ABOUT THIS EXERCISE
The entire listing that follows must be repeated exactly, pictures excluded.

GIVEN MATERIAL

::::::

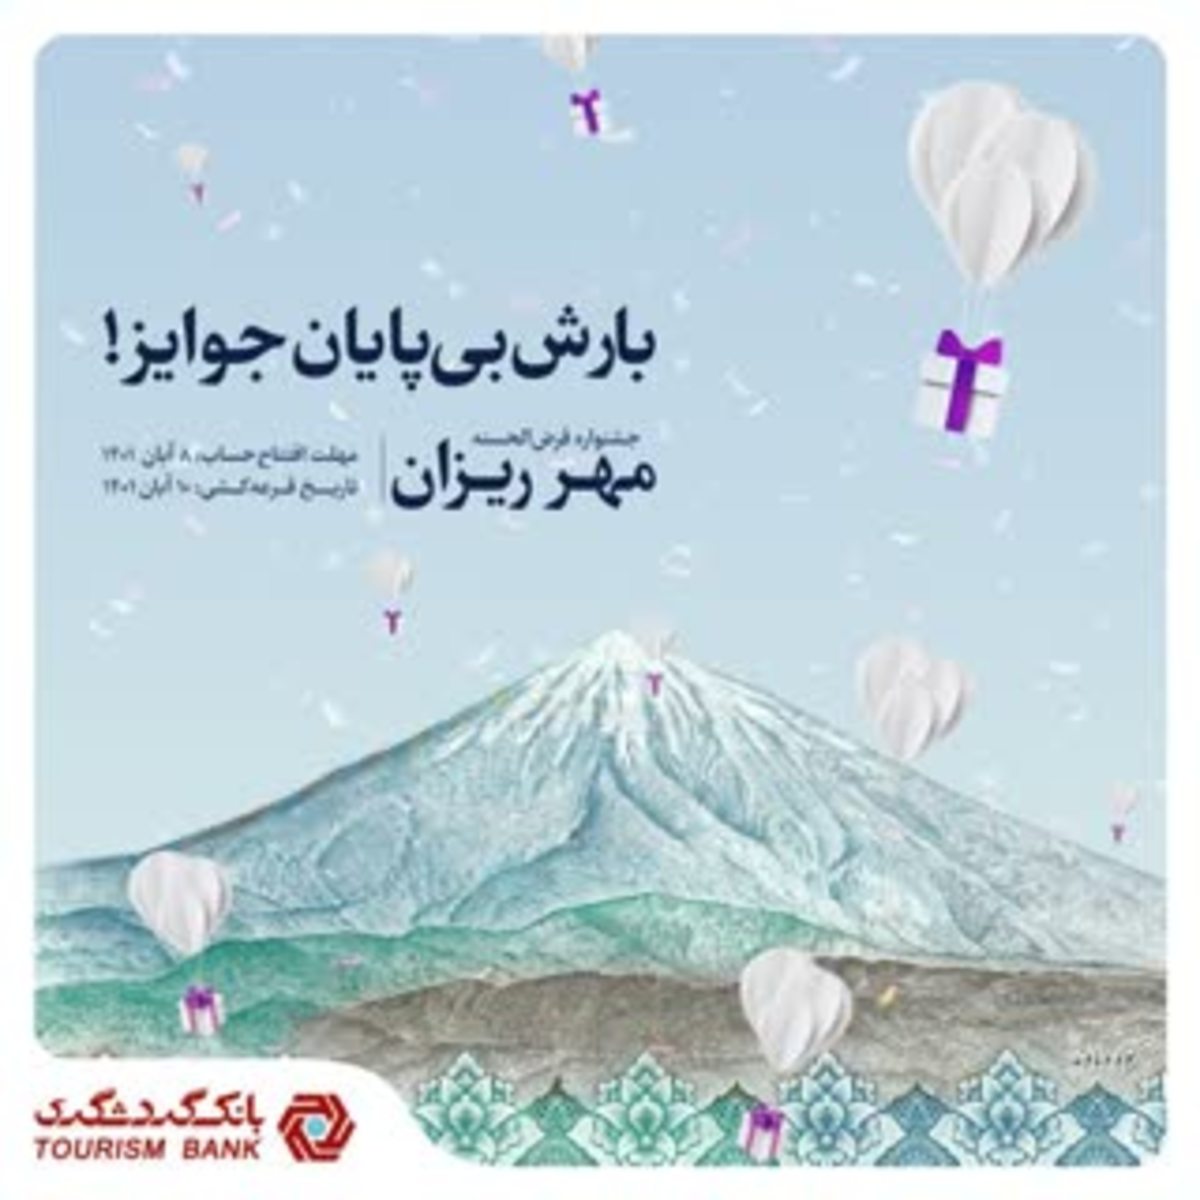 جشنواره قرعه‌کشی حساب‌های قرض‌الحسنه بانک گردشگری با عنوان ” مهرریزان” روز سه شنبه ۱۰ آبان ماه ۱۴۰۱ برگزار می‌شود.
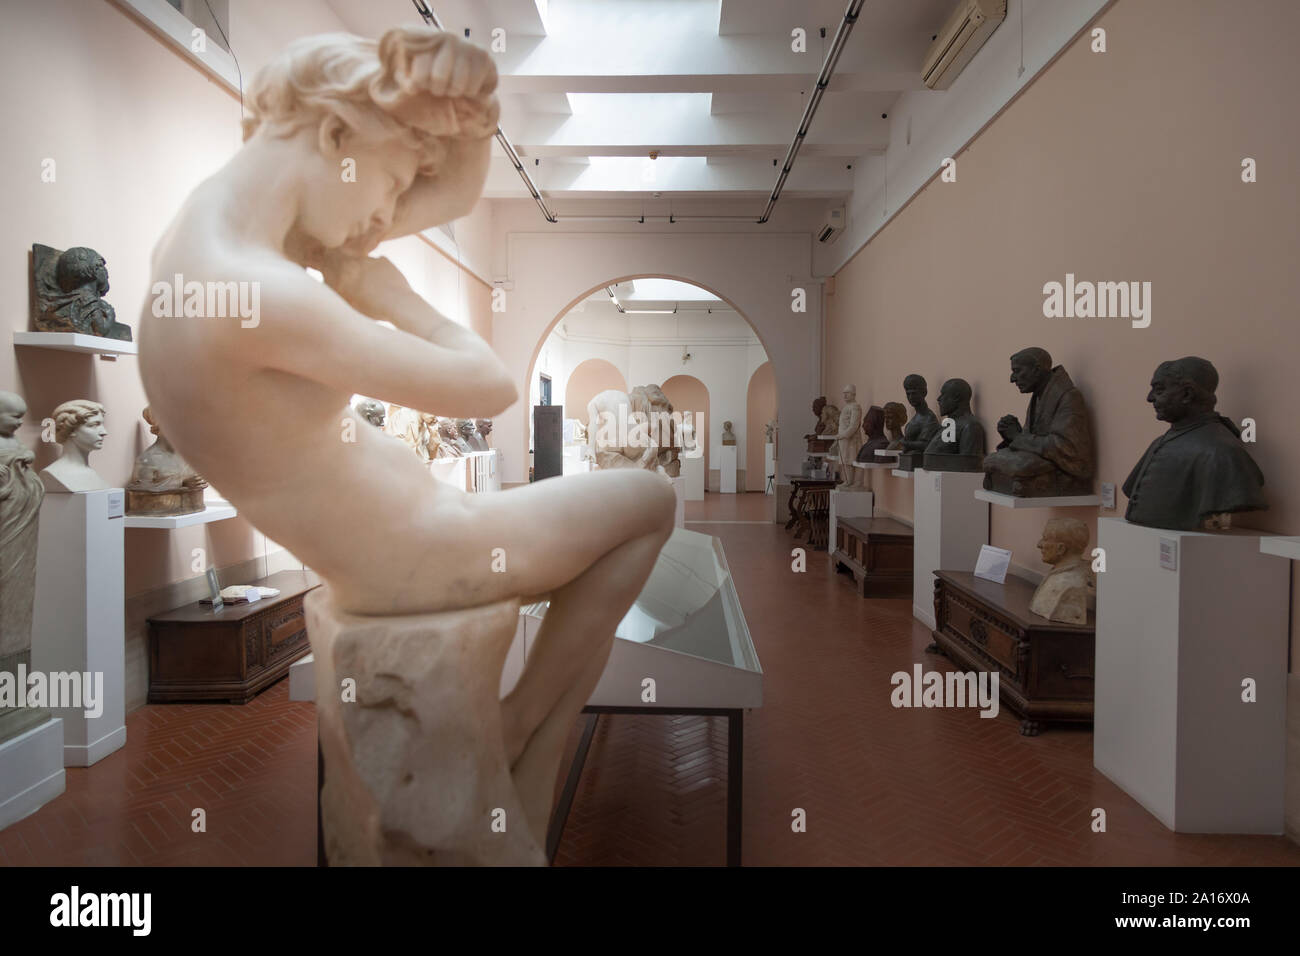 Sculpture 'Pudore'  at Museo Pietro Canonica a Villa Borghese, Rome, Italy Stock Photo
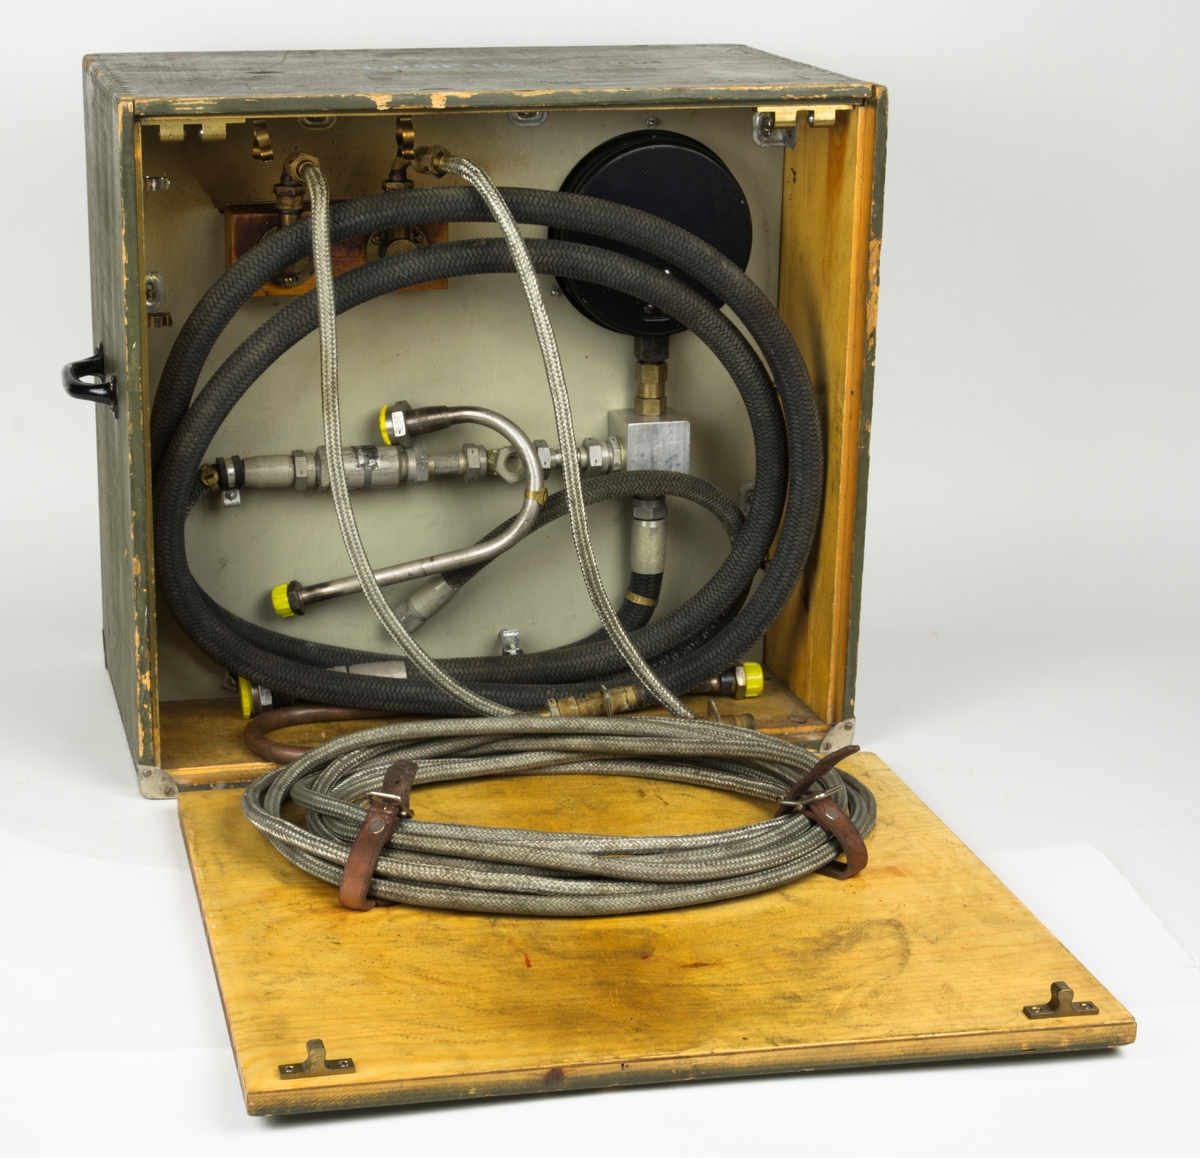 Tryckprovningsaggregat MT, förvaras i trälåda. Mätinstrumentet har mätskala från 0-100 kg/cm2. Används till startsystem fpl 35A-F.

::::::

EXERCISE RESULT
 جشنواره قرعه‌کشی حساب‌های قرض‌الحسنه بانک گردشگری با عنوان ” مهرریزان” روز سه شنبه ۱۰ آبان ماه ۱۴۰۱ برگزار می‌شود.
 Sculpture 'Pudore'  at Museo Pietro Canonica a Villa Borghese, Rome, Italy Stock Photo
 Tryckprovningsaggregat MT, förvaras i trälåda. Mätinstrumentet har mätskala från 0-100 kg/cm2. Används till startsystem fpl 35A-F.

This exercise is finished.